For the discerning television viewer, European crime series are addictive.
Critical successes like the Scandi offerings The Killing and The Bridge, and the French series Spiral have brought dark, compelling stories to our screens. In contrast with previous cop dramas, an entire series focuses on a single crime and hands the best roles to women detectives, who are flawed, workaholics and above all, realistic. The latest addition to the canon is The Fall, whose second series, set in Belfast and starring Gillian Anderson, is showing on Sky's SoHo here.
But it's becoming apparent that they share another underlying feature which is more troubling: misogyny.
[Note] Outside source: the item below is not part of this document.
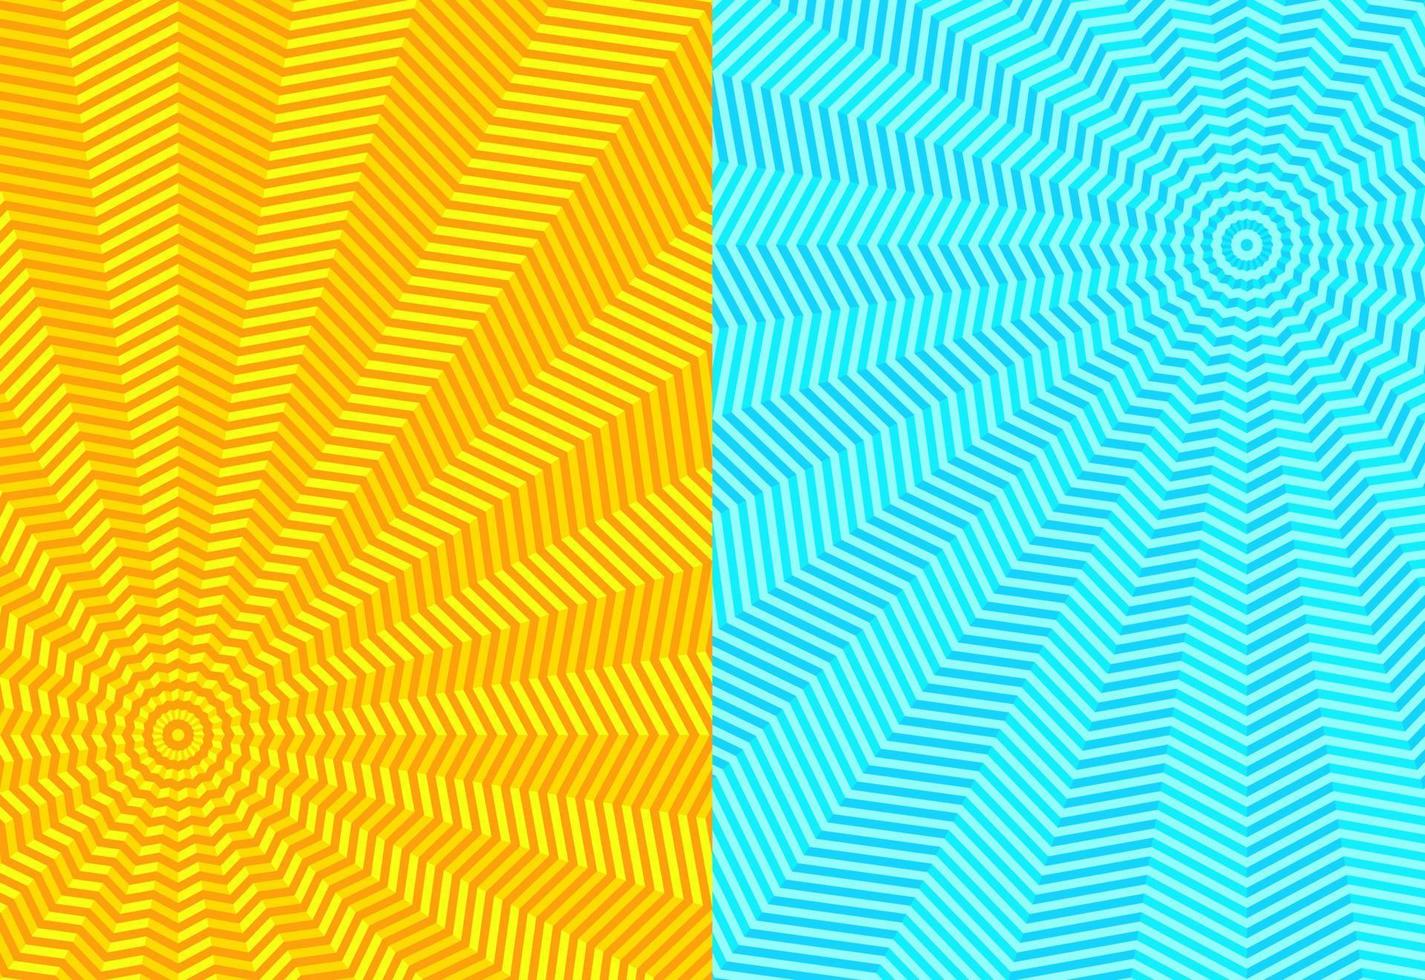 m13 - ilusão de fundo abstrato amarelo azul vetor

Why oh why, viewers ask from behind the sofa, are all the murder victims women?
In Spiral, whose Season 5 is being broadcast in France, police are investigating the murder of a young mother and her daughter, found in a canal bound together with electric cable. The previous season focused on the trafficking of young women from eastern Europe, which was also a plot line in The Killing. The opening scene of The Bridge was the discovery of two women's bodies cut in half and left straddling the border between Sweden and Denmark.
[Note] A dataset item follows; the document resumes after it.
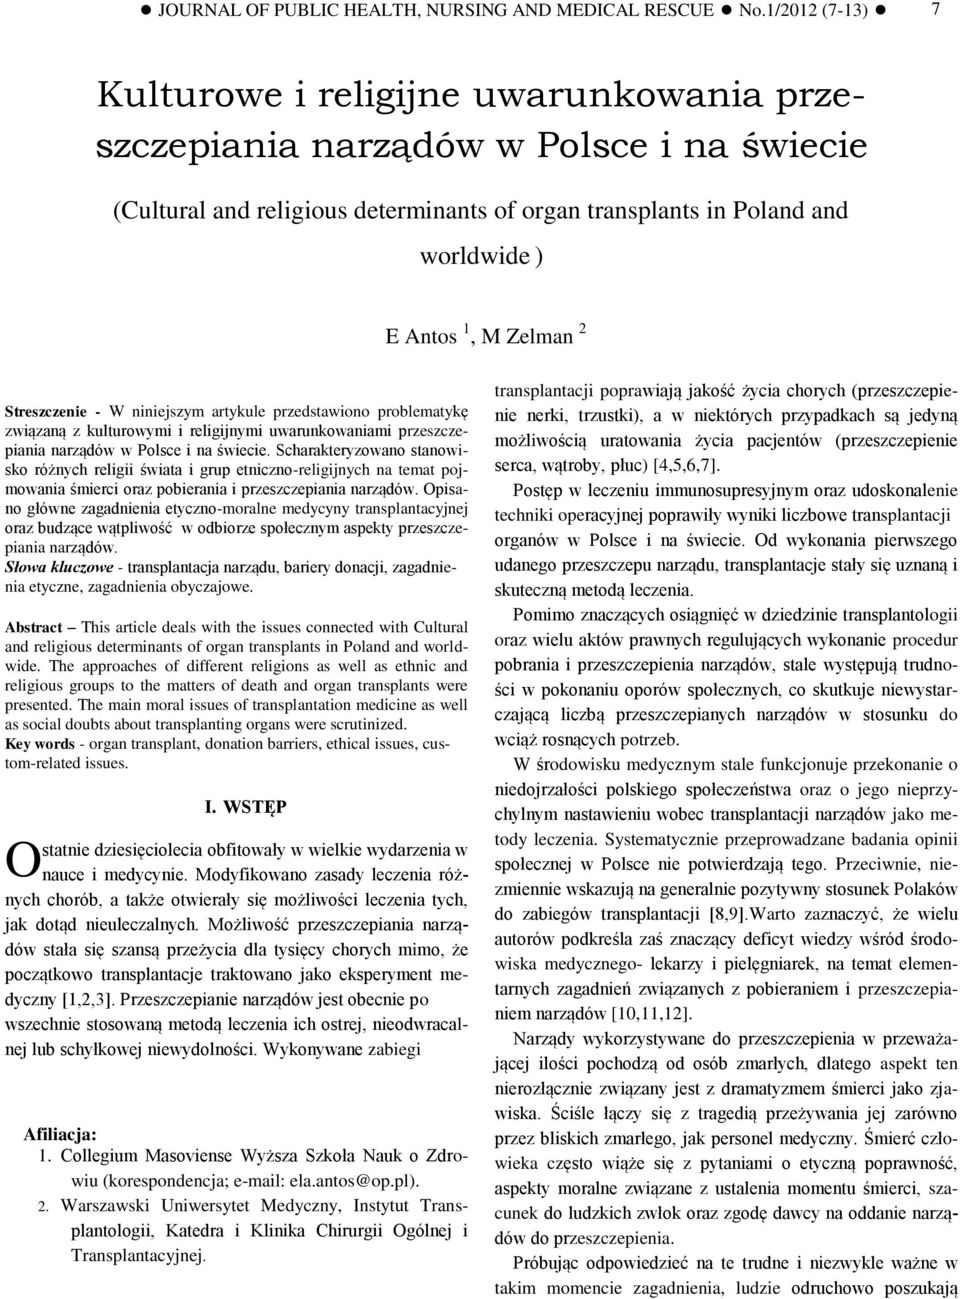 of organ transplants in Poland and worldwide ) E Antos 1, M Zelman 2 Streszczenie - W niniejszym artykule przedstawiono problematykę związaną z kulturowymi i religijnymi uwarunkowaniami

Could it be that these TV crime series reflect a trend in real life? Does the number of murdered women outweigh men? Not according to UK statistics, which say that in 2012 and 2013, more than two thirds (69 per cent) of murder victims were men, the same as in previous years. In France, the number of males who are murdered is four times as high as females. However, if you examine the figures for domestic violence in Europe, the murder statistics are reversed: the number of women killed by their male partner or a family member (55 per cent) exceeds the male victims. According to the latest UN study on the number of murders worldwide, out of 437,000 homicides committed in 2012 eight out of 10 victims were men. Ninety five per cent of the perpetrators were men.
In other words, ladies, it's safe to leave the house. These fictional series are just that - fiction.
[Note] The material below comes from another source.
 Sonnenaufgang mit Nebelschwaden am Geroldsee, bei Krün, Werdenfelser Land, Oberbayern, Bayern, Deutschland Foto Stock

But the onscreen misogyny is more subtle than that. Consider the first season of The Fall, with its creepy serial killer played by Jamie Dornan who stalks his young female victims before strangling them in bed. One commentator described the voyeuristic pattern as "a sort of mainstream rape-torture porn". In the second season the criticism has focused on the frequently skimpily clothed chief detective played by Gillian Anderson, who totters round crime scenes in high heels. Her freewheeling sex life - like that of chief inspector Laure Berthaud in Spiral - in which Anderson's character initiates relationships with both men and a woman, has also raised eyebrows.
The series creator Alan Cubitt, who is also director of the second season, said he sees The Fall as a feminist drama and would be mortified if there was anything remotely pornographic in the images. He fends off accusations of misogyny and explains that his objective was to explore the issue by dissecting "a certain kind of male view". He does admit that anything that sets out to explore a complex and difficult subject like that "always runs the risk of being held up as an example of it, rather than a critique of it". But if people think The Fall is misogynistic, he says, he would have failed abjectly. It's a fine line.
But I fear that through their choice of subject matter and its treatment, The Fall and other European crime dramas are in danger of making a hatred of women, their victimisation, objectification and even murder, a norm.